Wednesday, October 23, 2002
I Must Be Getting Old
Or is it Mtv that's getting old?
Because something's getting old, and I'm pretty sure it's the Las Vegas version of The Real World. I'd make that a link but I'm so utterly disgusted by it that I'm not even going to bother giving them the link service.
Did anyone reading this ever watch the first few seasons of Real World? You know, the ones where they had people on the show who still held down real jobs (like the girl who was a friggin' Doctor), or were maybe HIV positive, were aged anywhere from 22 to almost 30, and otherwise had some real character and personality?
Because putting together a cast of people that involves a married 22 year old guy having sex with the "innocent" (please note the sarcasm in my quotes) girl from from Louisiana on the second night they're together in the house means that you don't really have anywhere left to go from here. The first season was an experiment, and the rest of the seasons have all been tweaks on the formula, which is: Put the most controversial 22-24 year old people in the same ritzy house as possible, and hope that they all get naked, have sex, and fight. Hopefully in that order. They don't even get doors on the rooms anymore, because they need for people to be walked in on while they're showering or having sex. It's hardly about being "real," and I'd like to know in what "world" I get to live in a fucking mansion for free for four and a half months, and then as if that's not vacation enough, they send you to Australia. The only way to beat that deal is to be the son of Hugh Hefner.

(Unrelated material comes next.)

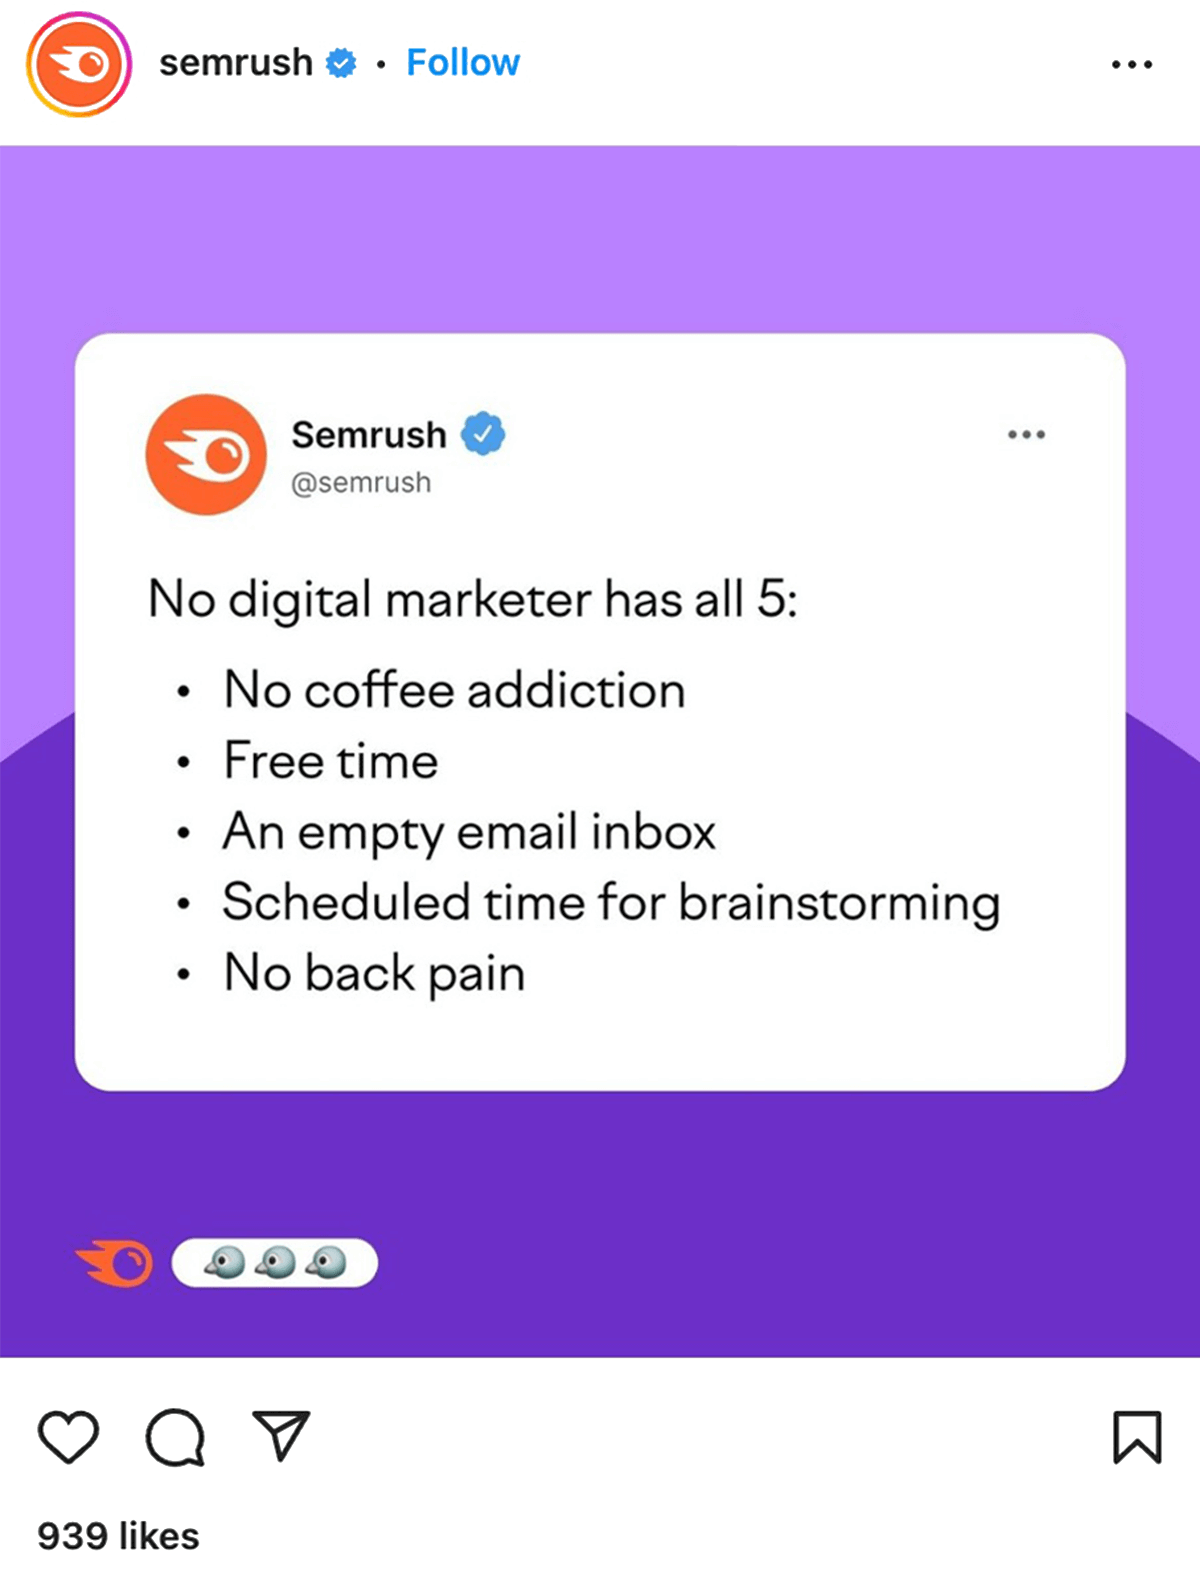 @semrush on Instagram: No digital marketer has all 5: no coffee addiction, free time, an empty email inbox, scheduled time for brainstorming, no back pain

Honestly, I can only see this show lasting for about one or two more seasons, tops. Because next season, the challenge is for two cast members to have sex on the first night, and then the season after that they're all going to be walking into the house for the first time with their pants already around their ankles, because they're going to have to start humping each other the minute they meet, lest they not beat last season's "shocking" controversy records.